Jakarta – Direktorat Jenderal Perbendaharaan (DJPb) secara resmi merayakan puncak peringatan Hari Bakti Perbendaharaan (HBP) ke-22 pada hari Rabu, (14/01). Bertempat di Aula Jusuf Anwar, Jakarta, kegiatan ini dihadiri oleh seluruh jajaran pimpinan dan insan Intress di seluruh Indonesia baik secara luring maupun daring.

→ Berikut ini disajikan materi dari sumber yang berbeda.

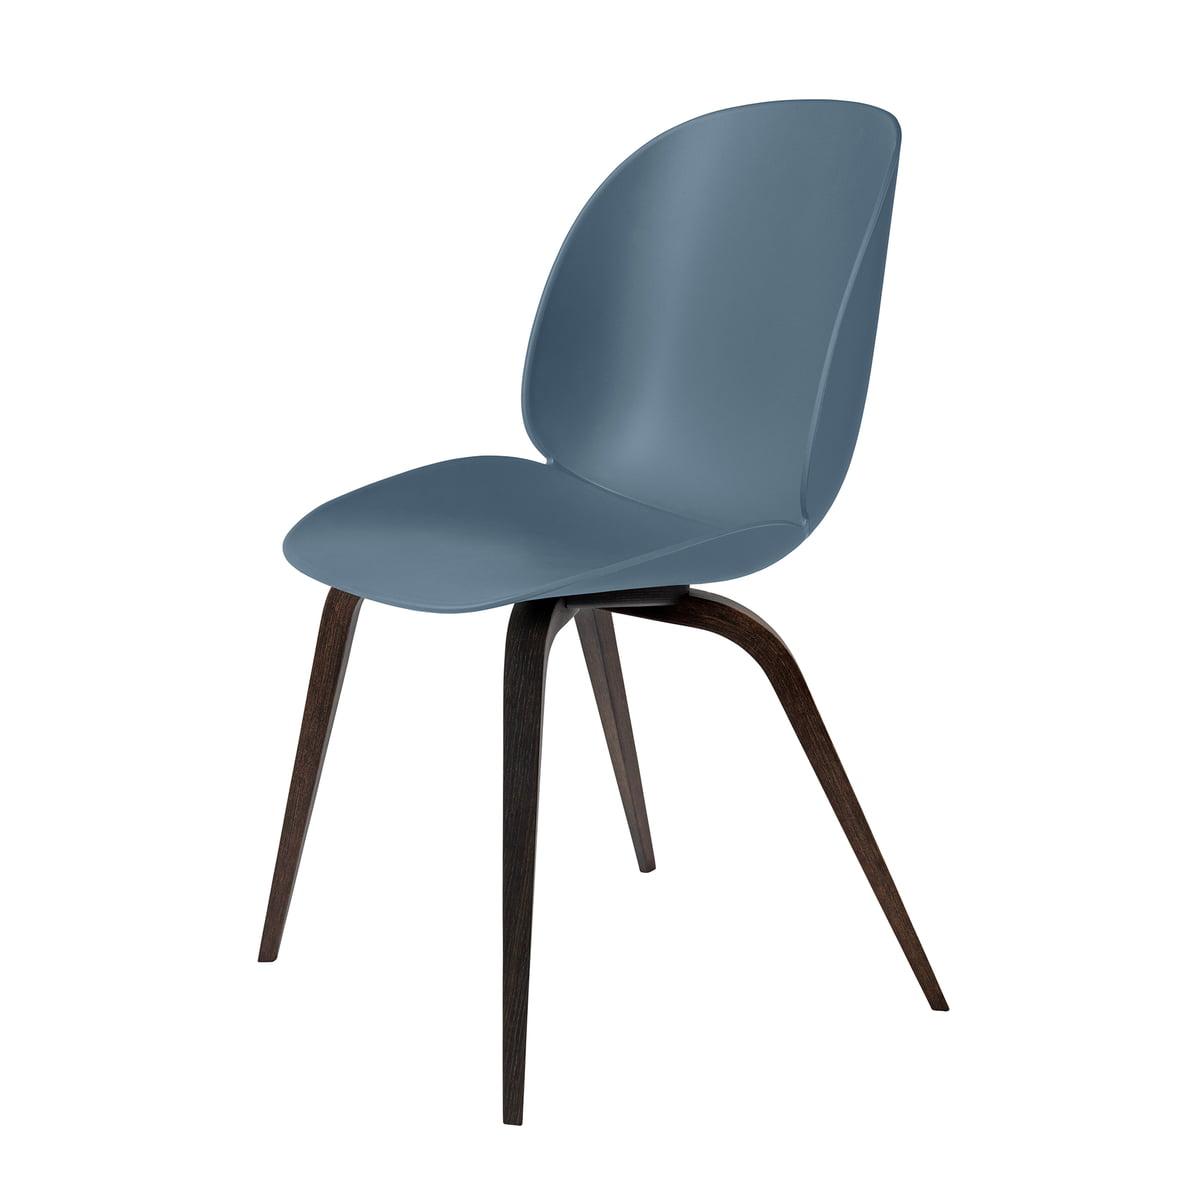 Gubi - Beetle Dining Chair, Wood Base, Eiche geräuchert / blaugrau   Küche und Esszimmer > Stühle und Hocker   Blaugrau   Gubi
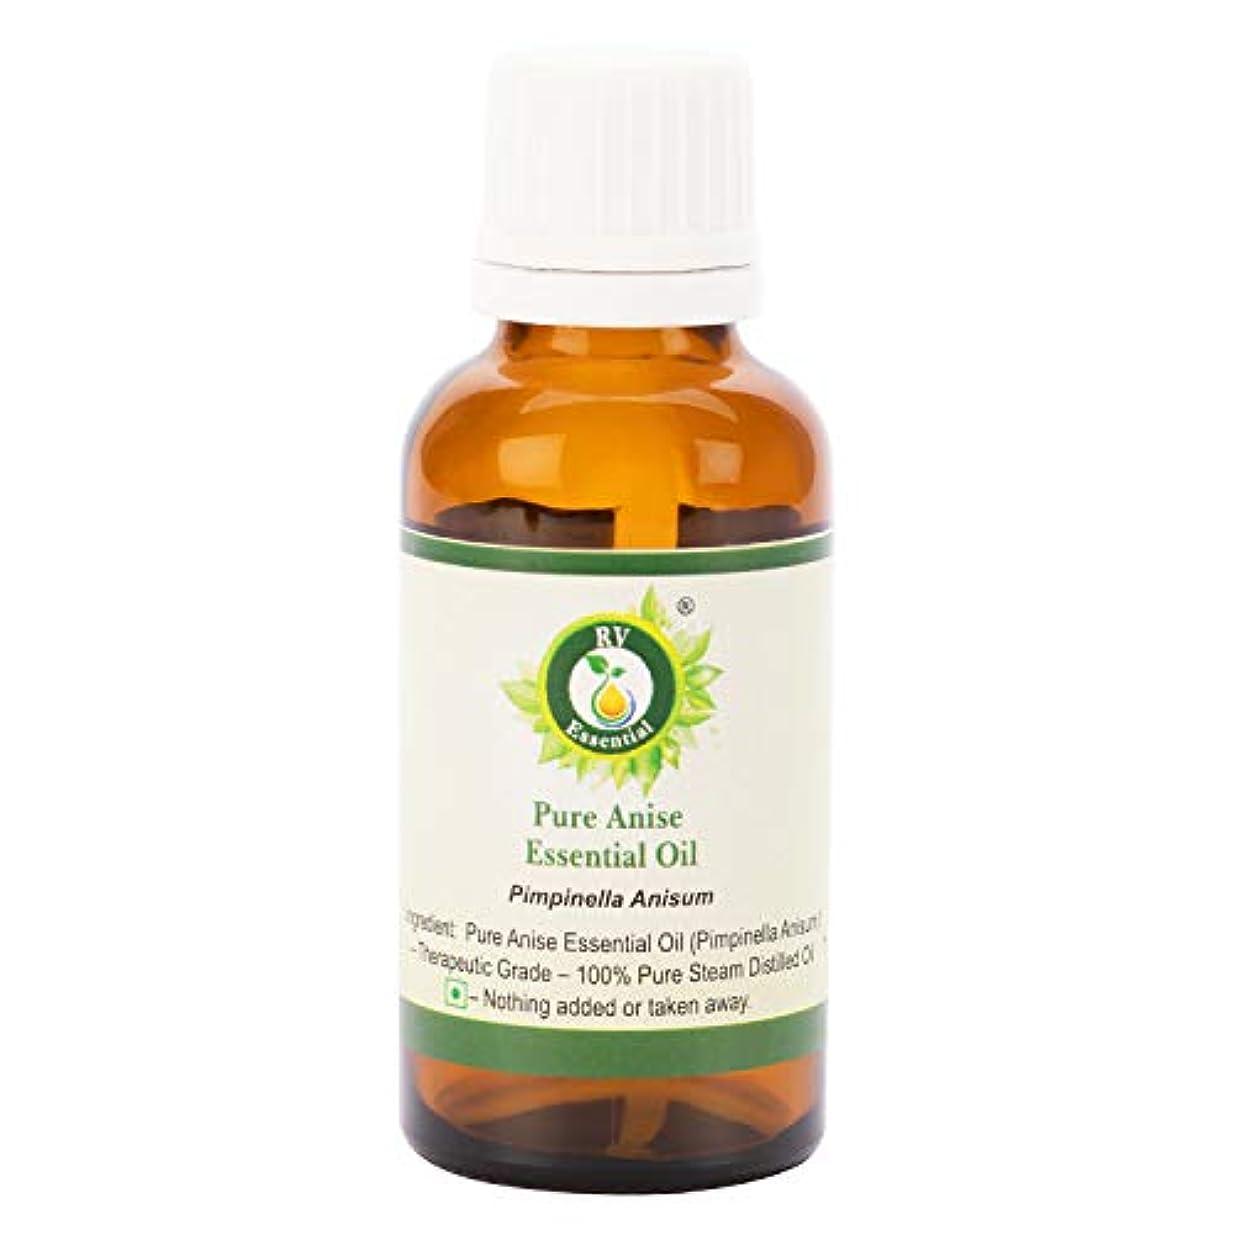 サロン恨み想像力豊かなピュアアニスエッセンシャルオイル300ml (10oz)- Pimpinella Anisum (100%純粋&天然スチームDistilled) Pure Anise Essential Oil

Dalam suasana yang penuh kehangatan, Dirjen Perbendaharaan menekankan bahwa meski secara organisasi HBP memasuki tahun ke-22, esensi tugas perbendaharaan sebenarnya telah lahir seiring dengan berdirinya Republik Indonesia. Sejarah mencatat bahwa sejak tahun 1945, fungsi pejabatan keuangan telah berperan vital dalam menjaga roda pemerintahan, bahkan jauh sebelum adanya undang-undang perbendaharaan yang modern.
Hal ini tercermin dari keberadaan gedung-gedung kantor antik yang bersejarah, beberapa di antaranya telah berdiri sejak tahun 1818, yang menjadi bukti fisik dari panjangnya perjalanan pengabdian institusi ini dalam mengawal keuangan negara. "Suatu negara nggak akan jalan kalau nggak ada yang bayar (menyalurkan), jadi teman-teman jangan ngecilin peran kita," tegas Dirjen Perbendaharaan, Astera Primanto Bhakti dalam arahannya.
Seiring berjalannya waktu, organisasi ini mengalami evolusi besar dari masa Direktorat Jenderal Anggaran (DJA) hingga transformasi menjadi DJPb yang lebih fokus dan terintegrasi. Salah satu pencapaian teknologi informasi terbaru yang disoroti adalah peluncuran Enhancement SPAN 2.0, aplikasi MyIntress dan Treasury Connect yang merupakan bentuk nyata DJPb dalam melakukan modernisasi dan digitalisasi sistem perbendaharaan. Langkah ini menandakan era baru perbendaharaan yang semakin terintegrasi dan modern, dimana peran DJPb tidak lagi sebatas mengurus kas negara, tetapi telah berkembang pesat menjadi Regional Chief Economist dan Financial Advisor di daerah. Melalui peran ini, insan perbendaharaan dituntut mampu memberikan analisis fiskal yang komprehensif dan menjadi wakil Kementerian Keuangan yang mampu memotret keadaan daerah secara menyeluruh bagi para pengambil kebijakan.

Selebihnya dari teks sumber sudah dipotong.